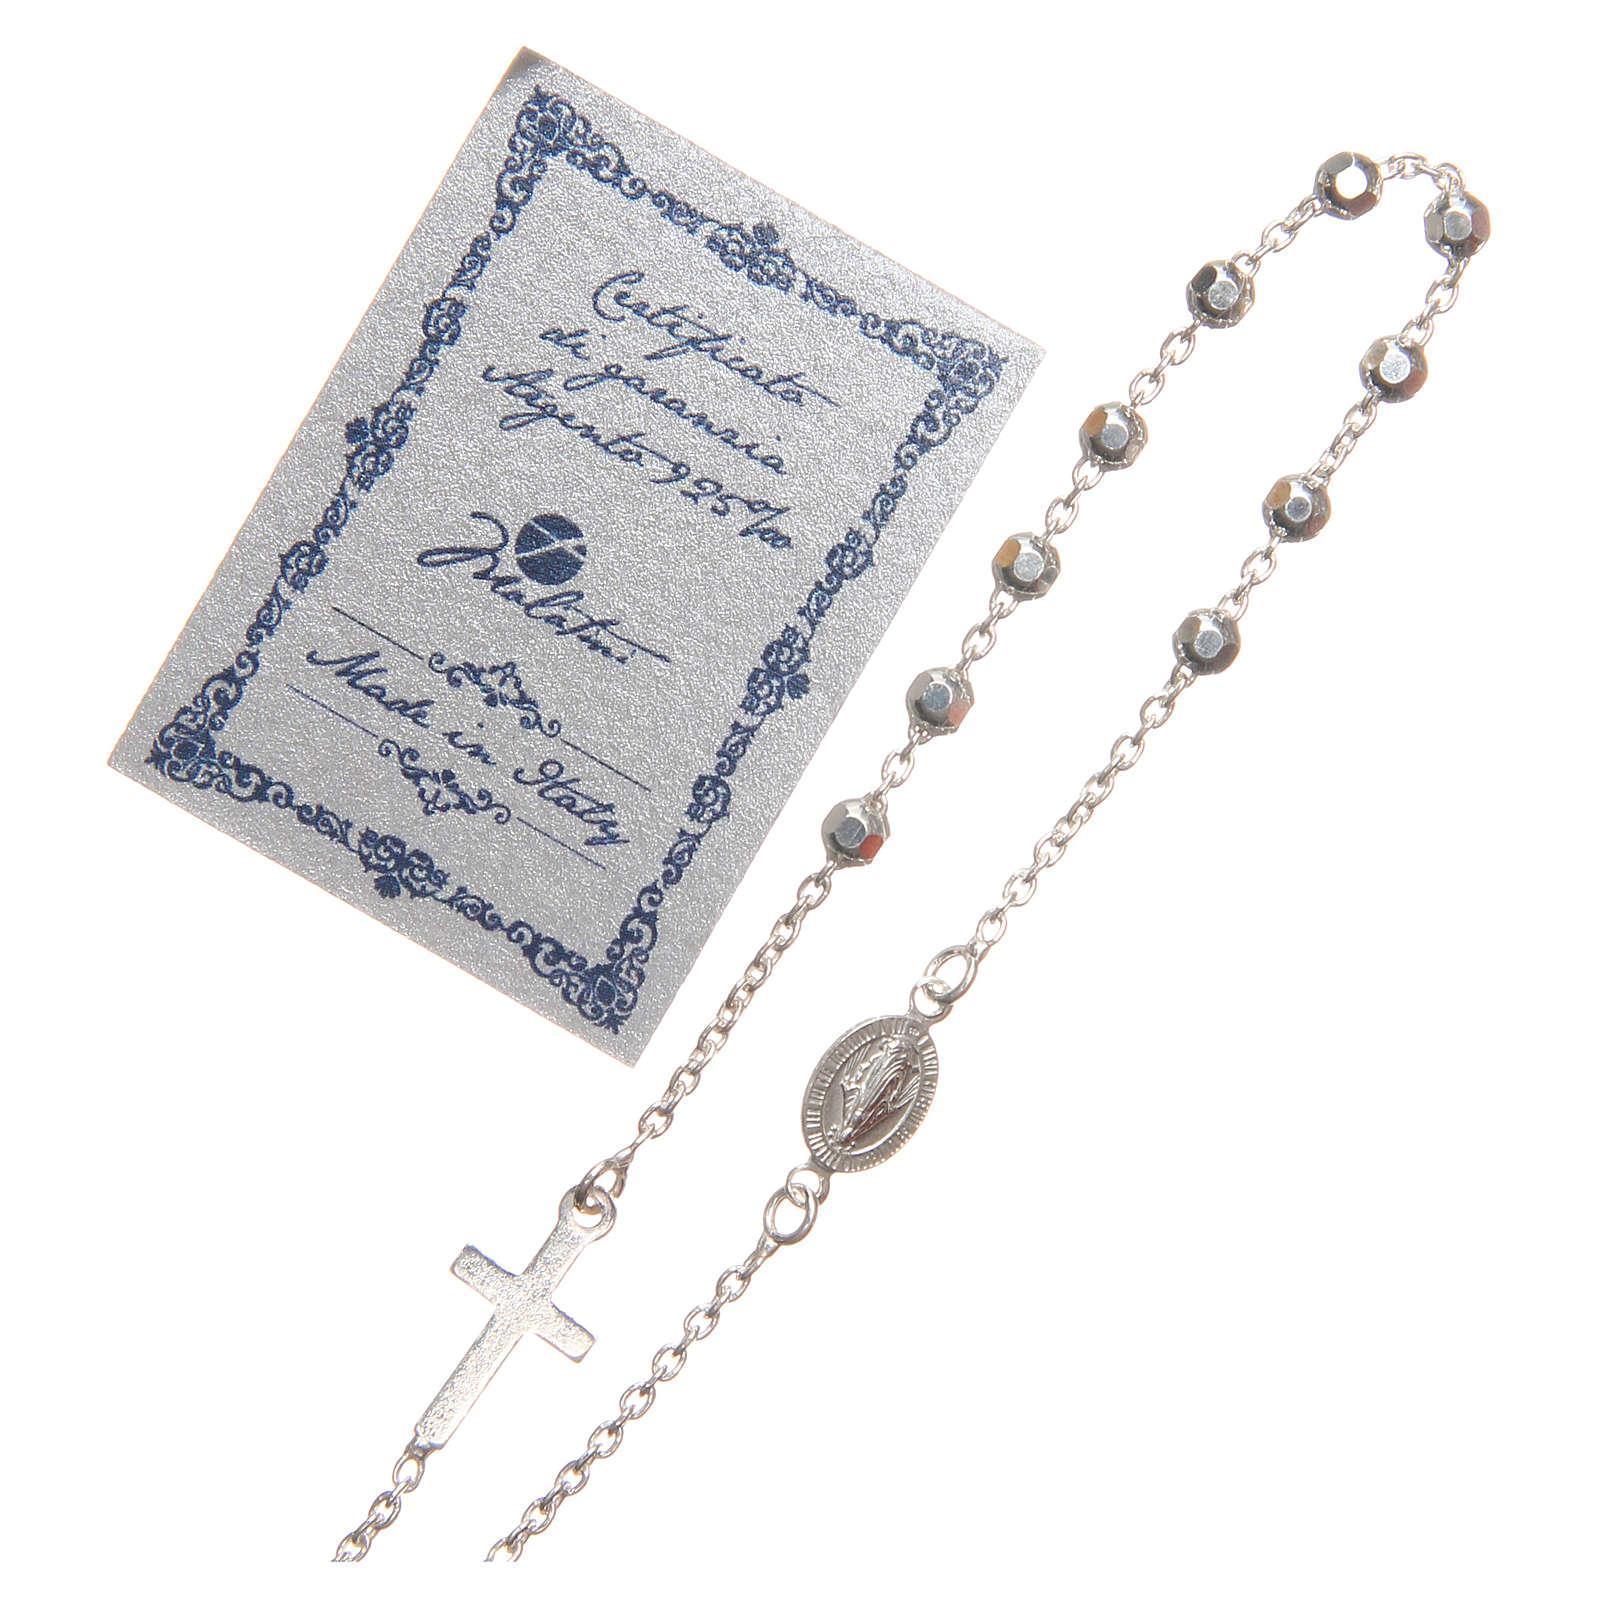 Bracciale argento 925 grani 3 mm 4
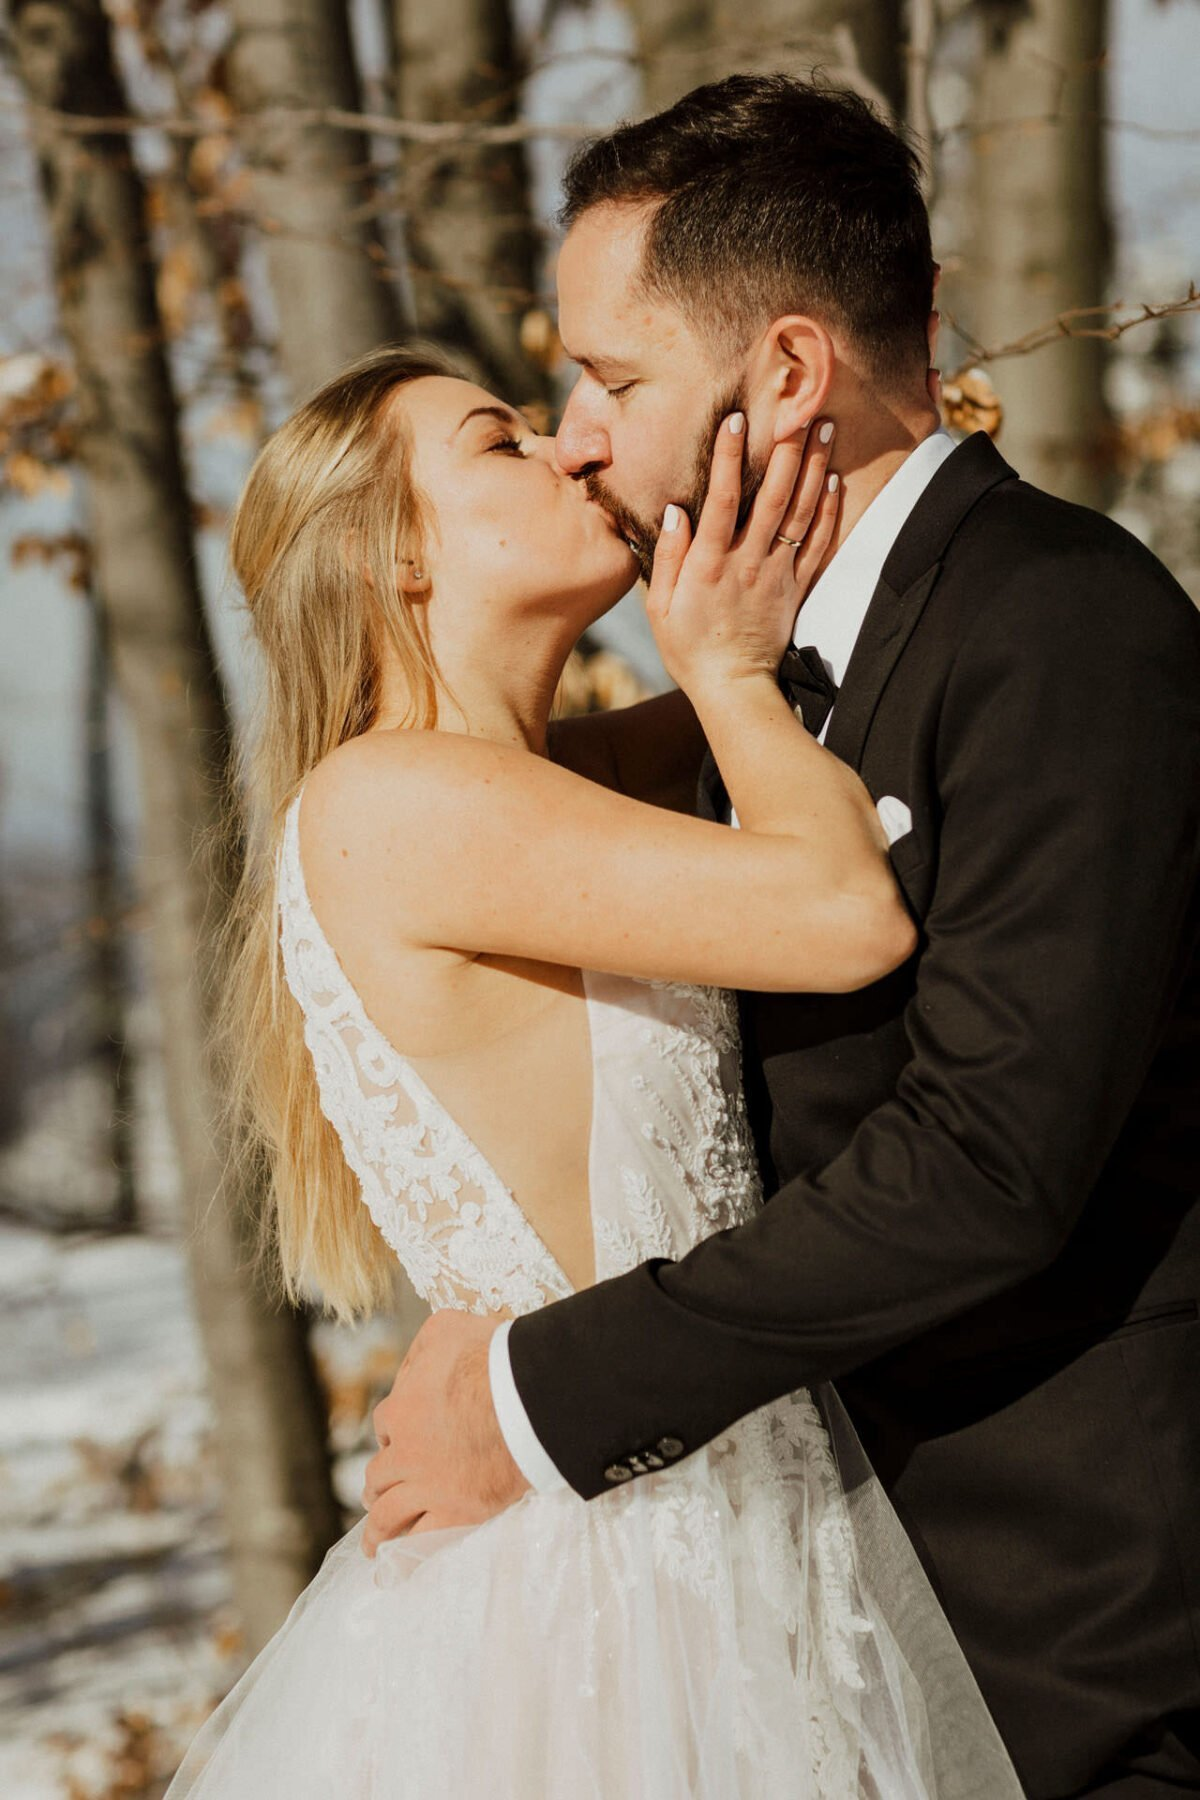 Plener ślubny w zimie - fotografia ślubna Kraków
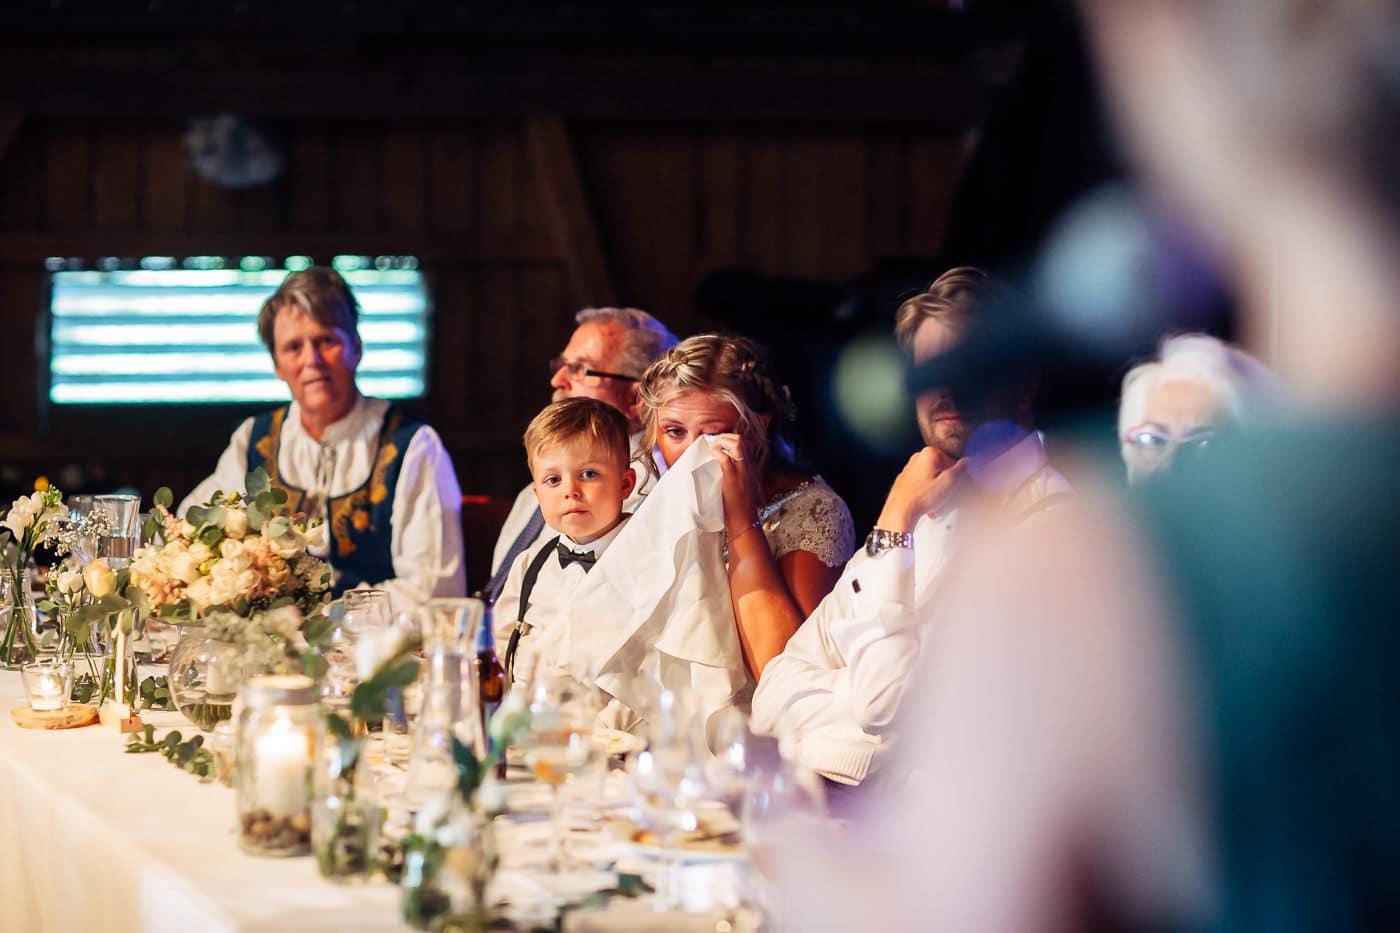 Linn & Frank - rørende og vakkert låvebryllup i Minnesund Bryllupsbilder Minnesund Eidsvoll 75 Brudepar

Assignment>
Please copy the data shown above, line by line and exactly, omitting the images.

Reply>
 Bracciale argento 925 grani 3 mm 4
 Plener ślubny w zimie - fotografia ślubna Kraków
 Linn & Frank - rørende og vakkert låvebryllup i Minnesund Bryllupsbilder Minnesund Eidsvoll 75 Brudepar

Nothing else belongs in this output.